Paraneoplastic neurological syndromes are rare disorders associated by various onconeuronal antibodies, which usually precede tumor diagnosis. Anti-RI antibodies (ANNA-2) are directed against ectopic antigens and are typically found in patients with Opsoclonus-Myoclonus Syndrome. We present a 77-year old woman with a subacute progressive bilateral CN VI palsy and jaw dystonia. The patient already underwent surgery of the left breast due to breast cancer 11 years before and subsequent radiation. In addition, a consecutive angiosarcoma of the left breast was diagnosed and resected 6 months before admission. MRI of the brain showed increased signal activity on T2 bitemporally without gadolinium enhancement, consistent with limbic encephalitis. Cerebrospinal fluid examination showed a slightly elevated cell count of 13 cells/μl and an elevated protein level at 54mg/dl (normal range 15-45mg/dl). Oligoclonal bands were detected in the CSF. There was no evidence of malignant cells. Tests regarding an infectious origin remained without positive results (HIV, CMV, HSV, VZV, EBV, TB, Tetanus, Borreliosis, Tickborne encephalitis, Mycoplasma, and Syphilis). Due to the previous history of malignancy, immunofluorescence analysis searching for paraneoplastic antibodies was conducted and revealed anti-Ri antibodies both in serum and CSF (1:10.000). Right after diagnosis we initially administered methylprednisolone and subsequently IVIG (30g per day for 5 days). Staging for cancer disease revealed a newly diagnosed ductal carcinoma of the right breast. A quadrantectomy was performed and anticancer treatment with anastrazole was initiated. To reduce in particular the jaw dystonia to enable the patient to eat and speak we applied botulinum toxin to the masseter muscle 30MU each side).

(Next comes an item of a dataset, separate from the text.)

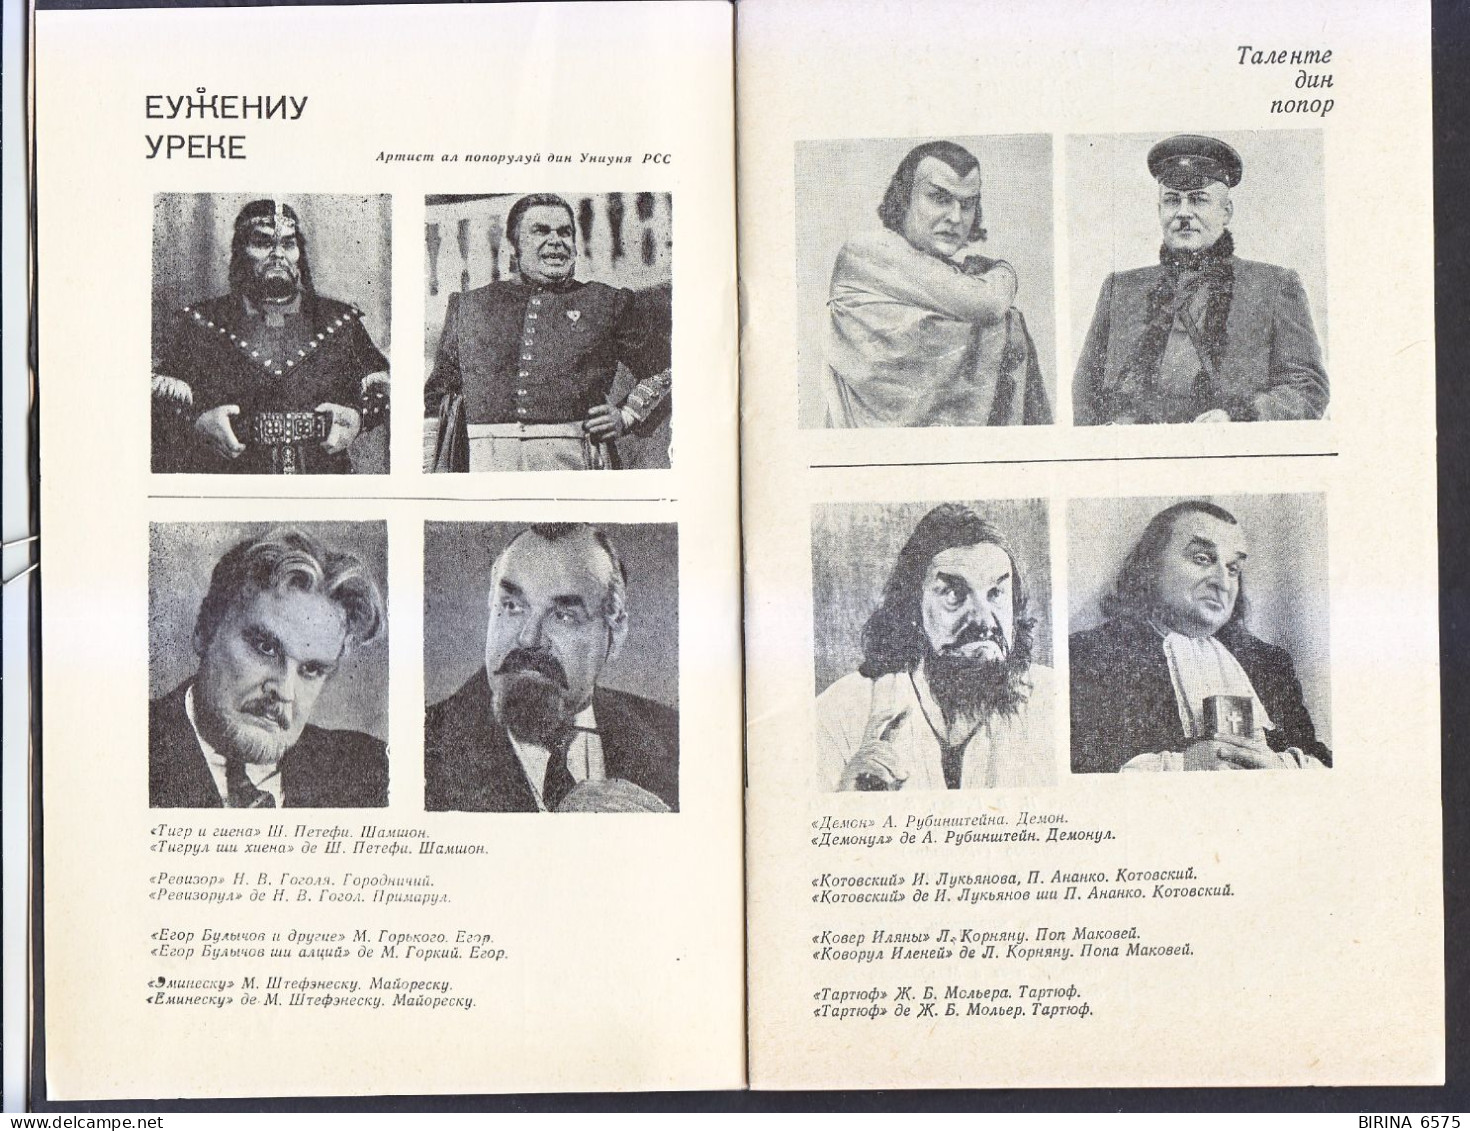 BROCHURE. PEOPLE'S ARTIST OF THE USSR. E. UREKE. CHISINAU. IN RUSSIAN AND MOLDOVAN. - 7-30-i - Théâtre

Neurological follow up investigation 6 months after diagnosis showed marked improvement of neurological symptoms. Anti-Ri associated paraneoplastic syndrome usually is associated with Opsoklonus-Myoclonus, as well as with ataxia. This is an unusual and rare presentation of an anti-Ri Syndrome with cranial nerve involvement and mandibular dystonia. Due to the various clinical presentations of paraneoplastic neurological syndromes also unusual combinations of neurological signs and symptoms should be considered as potentially paraneoplastic in the diagnostic workup.